[Source records]:

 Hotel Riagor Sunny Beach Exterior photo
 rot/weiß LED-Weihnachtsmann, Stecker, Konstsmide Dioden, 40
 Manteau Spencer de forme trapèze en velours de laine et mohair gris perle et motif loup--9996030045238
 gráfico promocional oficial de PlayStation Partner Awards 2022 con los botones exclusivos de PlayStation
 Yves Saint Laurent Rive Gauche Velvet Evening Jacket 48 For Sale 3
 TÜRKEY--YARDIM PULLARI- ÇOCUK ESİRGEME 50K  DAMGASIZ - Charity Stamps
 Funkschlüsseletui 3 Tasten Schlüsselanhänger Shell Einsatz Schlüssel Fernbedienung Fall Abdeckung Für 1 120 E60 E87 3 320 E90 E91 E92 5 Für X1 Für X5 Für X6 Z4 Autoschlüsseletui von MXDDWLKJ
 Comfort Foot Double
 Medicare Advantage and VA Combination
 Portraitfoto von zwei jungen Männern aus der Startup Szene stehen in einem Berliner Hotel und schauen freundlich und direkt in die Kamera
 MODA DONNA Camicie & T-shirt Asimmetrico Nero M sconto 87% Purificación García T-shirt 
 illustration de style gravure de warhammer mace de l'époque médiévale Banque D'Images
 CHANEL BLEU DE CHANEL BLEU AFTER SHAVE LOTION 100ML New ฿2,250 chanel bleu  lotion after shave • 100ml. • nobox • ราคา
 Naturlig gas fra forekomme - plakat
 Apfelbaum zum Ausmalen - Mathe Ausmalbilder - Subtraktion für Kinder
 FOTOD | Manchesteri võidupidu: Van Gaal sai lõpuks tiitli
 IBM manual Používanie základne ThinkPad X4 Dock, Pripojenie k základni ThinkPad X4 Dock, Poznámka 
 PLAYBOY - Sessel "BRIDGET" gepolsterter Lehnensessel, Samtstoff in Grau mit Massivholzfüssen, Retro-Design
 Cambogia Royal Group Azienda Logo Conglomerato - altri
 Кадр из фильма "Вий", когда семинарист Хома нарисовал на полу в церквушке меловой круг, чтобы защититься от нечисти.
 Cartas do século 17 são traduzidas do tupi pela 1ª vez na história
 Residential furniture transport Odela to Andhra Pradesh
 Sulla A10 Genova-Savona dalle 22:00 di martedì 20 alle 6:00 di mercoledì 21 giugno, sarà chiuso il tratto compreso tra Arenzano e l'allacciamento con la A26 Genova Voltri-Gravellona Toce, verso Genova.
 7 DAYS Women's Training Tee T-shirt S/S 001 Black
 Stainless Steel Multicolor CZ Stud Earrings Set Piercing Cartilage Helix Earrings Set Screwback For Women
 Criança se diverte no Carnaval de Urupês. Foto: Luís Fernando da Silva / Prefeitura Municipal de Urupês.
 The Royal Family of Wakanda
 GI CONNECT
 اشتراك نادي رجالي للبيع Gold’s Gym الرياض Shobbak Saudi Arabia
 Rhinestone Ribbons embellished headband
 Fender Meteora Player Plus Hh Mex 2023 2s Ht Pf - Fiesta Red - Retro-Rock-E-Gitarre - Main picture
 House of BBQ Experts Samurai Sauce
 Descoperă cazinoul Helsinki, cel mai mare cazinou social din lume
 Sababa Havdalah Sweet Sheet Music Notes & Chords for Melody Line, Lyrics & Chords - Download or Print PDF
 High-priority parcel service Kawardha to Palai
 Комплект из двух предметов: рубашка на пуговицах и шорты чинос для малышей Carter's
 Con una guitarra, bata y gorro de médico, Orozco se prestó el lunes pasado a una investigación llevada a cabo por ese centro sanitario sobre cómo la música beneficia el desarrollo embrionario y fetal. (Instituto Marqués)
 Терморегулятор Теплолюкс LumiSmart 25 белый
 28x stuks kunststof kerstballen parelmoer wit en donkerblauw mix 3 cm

[ASSIGNMENT]: Return all the data exactly as given.

[RESULT OF THE EXERCISE]:
 Hotel Riagor Sunny Beach Exterior photo
 rot/weiß LED-Weihnachtsmann, Stecker, Konstsmide Dioden, 40
 Manteau Spencer de forme trapèze en velours de laine et mohair gris perle et motif loup--9996030045238
 gráfico promocional oficial de PlayStation Partner Awards 2022 con los botones exclusivos de PlayStation
 Yves Saint Laurent Rive Gauche Velvet Evening Jacket 48 For Sale 3
 TÜRKEY--YARDIM PULLARI- ÇOCUK ESİRGEME 50K  DAMGASIZ - Charity Stamps
 Funkschlüsseletui 3 Tasten Schlüsselanhänger Shell Einsatz Schlüssel Fernbedienung Fall Abdeckung Für 1 120 E60 E87 3 320 E90 E91 E92 5 Für X1 Für X5 Für X6 Z4 Autoschlüsseletui von MXDDWLKJ
 Comfort Foot Double
 Medicare Advantage and VA Combination
 Portraitfoto von zwei jungen Männern aus der Startup Szene stehen in einem Berliner Hotel und schauen freundlich und direkt in die Kamera
 MODA DONNA Camicie & T-shirt Asimmetrico Nero M sconto 87% Purificación García T-shirt 
 illustration de style gravure de warhammer mace de l'époque médiévale Banque D'Images
 CHANEL BLEU DE CHANEL BLEU AFTER SHAVE LOTION 100ML New ฿2,250 chanel bleu  lotion after shave • 100ml. • nobox • ราคา
 Naturlig gas fra forekomme - plakat
 Apfelbaum zum Ausmalen - Mathe Ausmalbilder - Subtraktion für Kinder
 FOTOD | Manchesteri võidupidu: Van Gaal sai lõpuks tiitli
 IBM manual Používanie základne ThinkPad X4 Dock, Pripojenie k základni ThinkPad X4 Dock, Poznámka 
 PLAYBOY - Sessel "BRIDGET" gepolsterter Lehnensessel, Samtstoff in Grau mit Massivholzfüssen, Retro-Design
 Cambogia Royal Group Azienda Logo Conglomerato - altri
 Кадр из фильма "Вий", когда семинарист Хома нарисовал на полу в церквушке меловой круг, чтобы защититься от нечисти.
 Cartas do século 17 são traduzidas do tupi pela 1ª vez na história
 Residential furniture transport Odela to Andhra Pradesh
 Sulla A10 Genova-Savona dalle 22:00 di martedì 20 alle 6:00 di mercoledì 21 giugno, sarà chiuso il tratto compreso tra Arenzano e l'allacciamento con la A26 Genova Voltri-Gravellona Toce, verso Genova.
 7 DAYS Women's Training Tee T-shirt S/S 001 Black
 Stainless Steel Multicolor CZ Stud Earrings Set Piercing Cartilage Helix Earrings Set Screwback For Women
 Criança se diverte no Carnaval de Urupês. Foto: Luís Fernando da Silva / Prefeitura Municipal de Urupês.
 The Royal Family of Wakanda
 GI CONNECT
 اشتراك نادي رجالي للبيع Gold’s Gym الرياض Shobbak Saudi Arabia
 Rhinestone Ribbons embellished headband
 Fender Meteora Player Plus Hh Mex 2023 2s Ht Pf - Fiesta Red - Retro-Rock-E-Gitarre - Main picture
 House of BBQ Experts Samurai Sauce
 Descoperă cazinoul Helsinki, cel mai mare cazinou social din lume
 Sababa Havdalah Sweet Sheet Music Notes & Chords for Melody Line, Lyrics & Chords - Download or Print PDF
 High-priority parcel service Kawardha to Palai
 Комплект из двух предметов: рубашка на пуговицах и шорты чинос для малышей Carter's
 Con una guitarra, bata y gorro de médico, Orozco se prestó el lunes pasado a una investigación llevada a cabo por ese centro sanitario sobre cómo la música beneficia el desarrollo embrionario y fetal. (Instituto Marqués)
 Терморегулятор Теплолюкс LumiSmart 25 белый
 28x stuks kunststof kerstballen parelmoer wit en donkerblauw mix 3 cm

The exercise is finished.